The year was 2027 A.D., a true date to live in infamy. There were other years that human beings had chosen to remember—1941; 1066; 1492—but nothing, ever, with consequences so vast as the year 2027, no, not since those earliest and forgotten dates when the first amphibian crawled out of the sea or the first hairy biped picked up a tool. Twenty twenty-seven topped them all. The Runaway Planet had slipped feloniously into the solar system, intent on burglary, and ever since it had been making off with its plunder.
Courageous human beings had blasted out into space to investigate. Three shiploads of them had actually landed on the Pyramid planet (they didn’t know that was what it was, then.) They didn’t even report, really. The first message back, right after touchdown, was, “It seems, ah, very barren.” There wasn’t any second.
Perhaps those landings were a mistake. Some thought so. Some thought that if the human race had cowered silent under its blanket of air the Pyramids might have run right through the ecliptic and away.
However, the triumphal “mistake” was made, and that may have been the first time a human eye saw a Pyramid.
Shortly after—though not before the radio message was sent—that human eye winked out forever; but by then the damage was done. What passed in a Pyramid for “attention” had been attracted. The next thing that happened set the wireless channels between Palomar and Pernambuco, between Greenwich and the Cape of Good Hope, buzzing and worrying, as astronomers all over the Earth reported and confirmed and reconfirmed the astonishing fact that our planet was on the move. Rejoice in Messias had come to take us away.

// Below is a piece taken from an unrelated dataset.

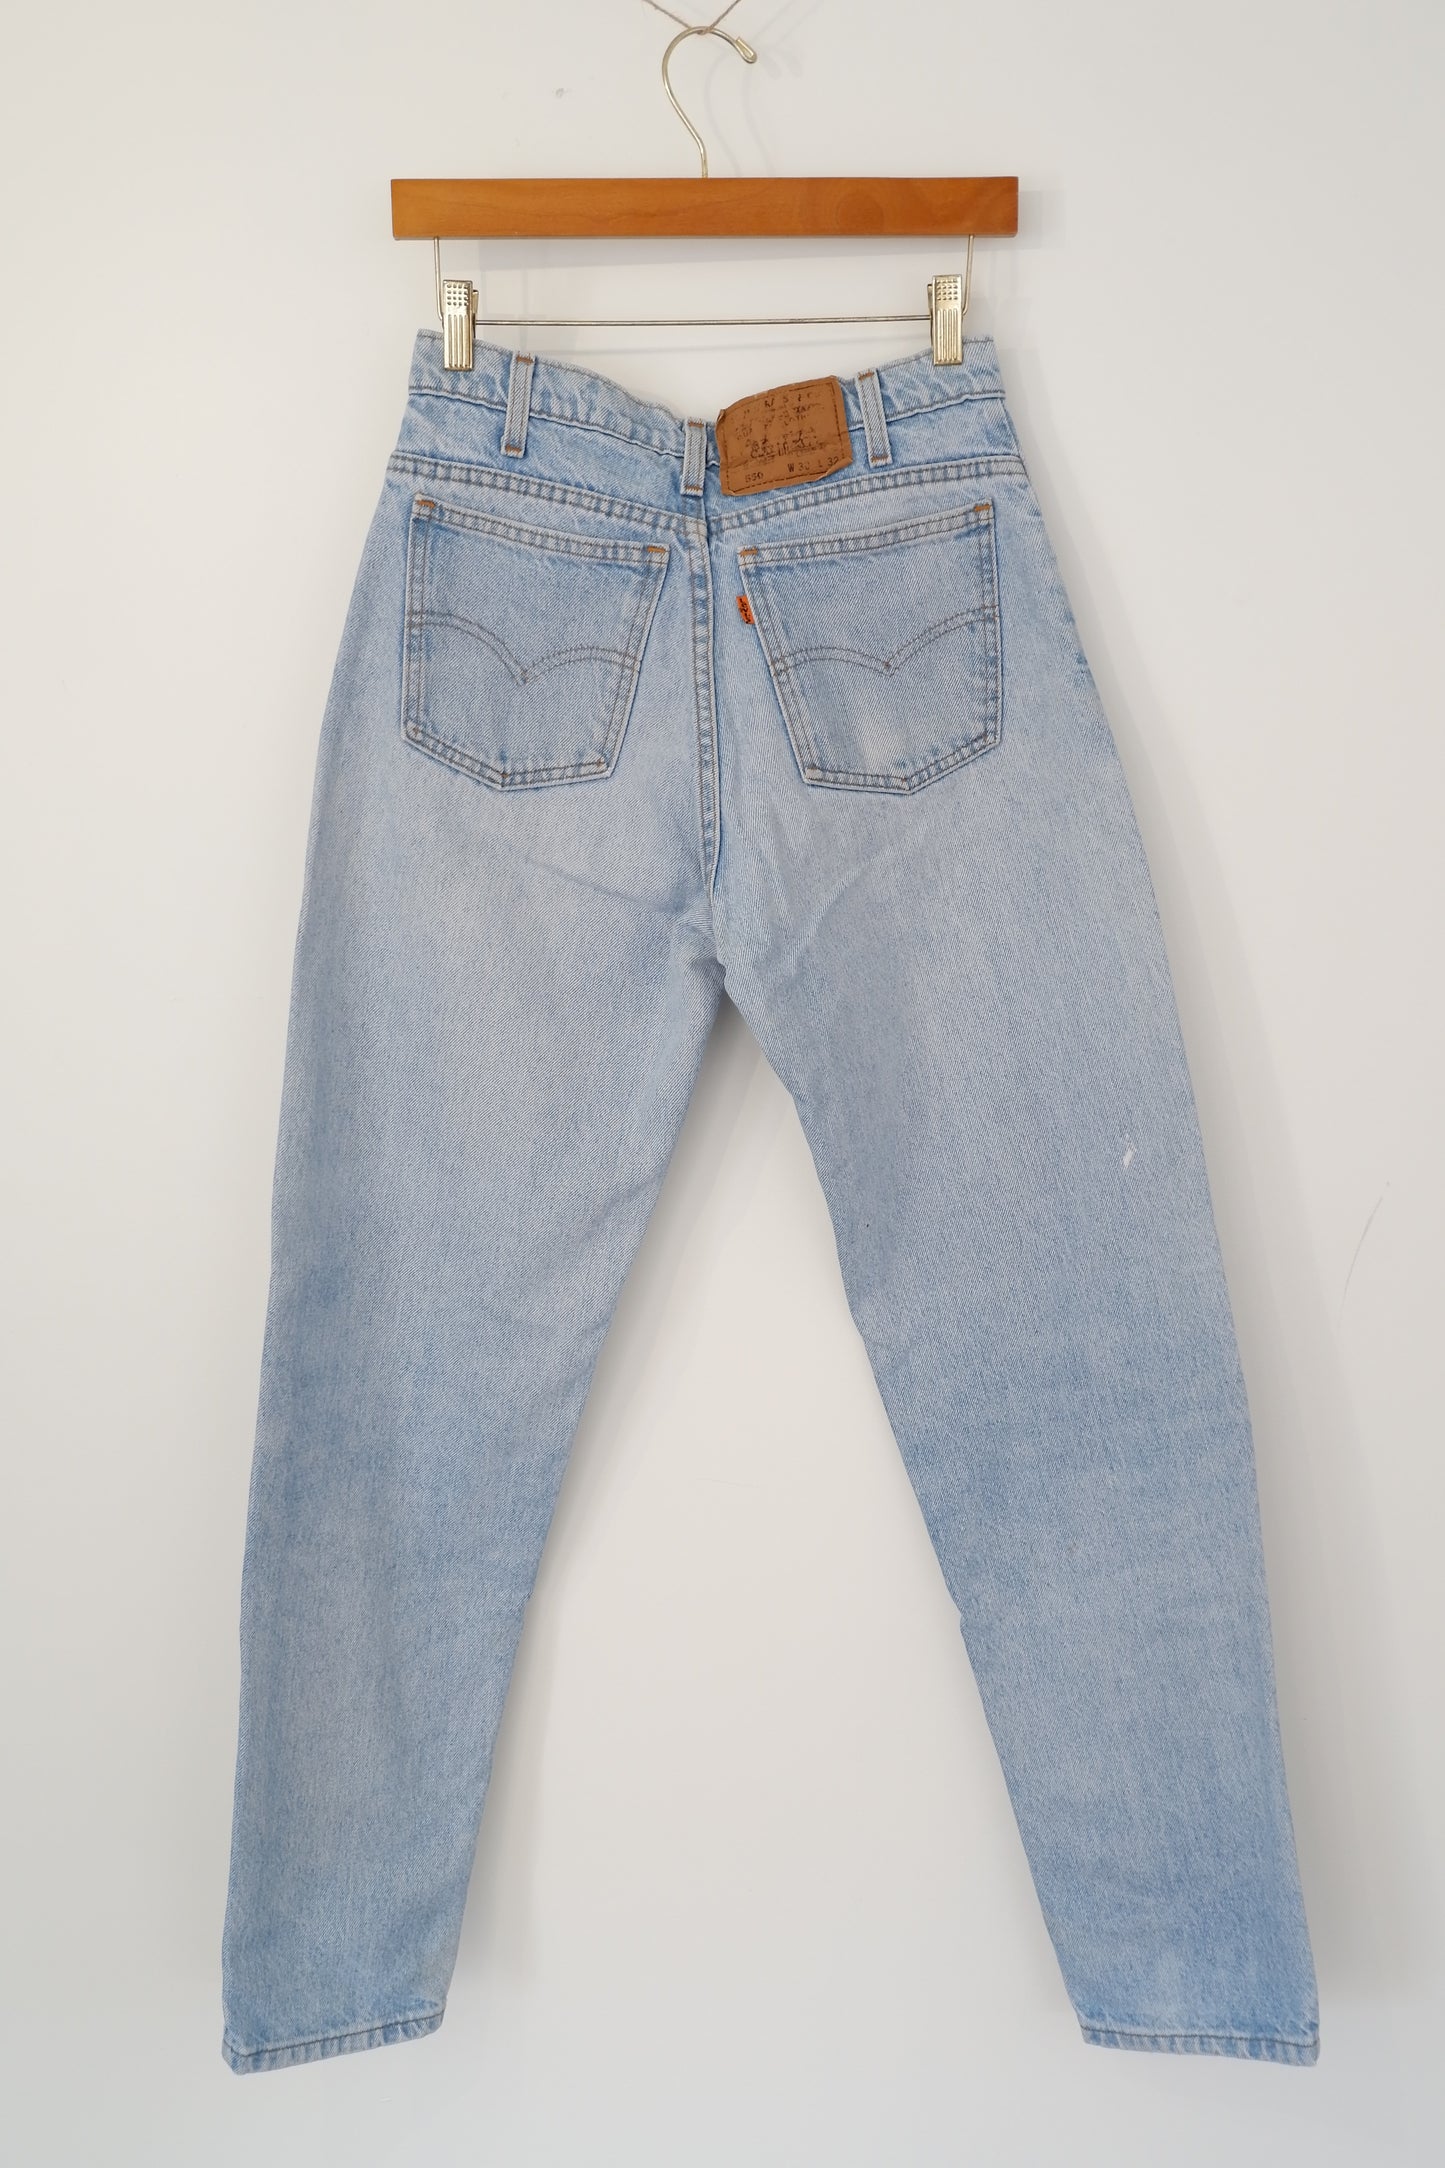 Levis Vintage 550 Light Wash Tapered Leg Jeans - 28

A world of ten billion people, some of them brilliant, many of them brave, built and flung the giant rockets of Operation Up at the invader: Nothing.
The two ships of the Interplanetary Expeditionary Force were boosted up to no-gravity and dropped onto the new planet to strike back: Nothing.
Earth moved spirally outward. If a battle could not be won, then perhaps a migration. New ships were built in haste. But they lay there rusting as the sun grew small ana the ice grew thick; because where was there to go? Not Mars; not the Moon which was trailing along; not choking Venus or crushing Jupiter.
The migration was defeated as surely as the war, there being no place to migrate to.
One Pyramid came to Earth, only one. It shaved the crest off the highest mountain there was, and squatted on it. An observer? A warden? Whatever it was, it stayed.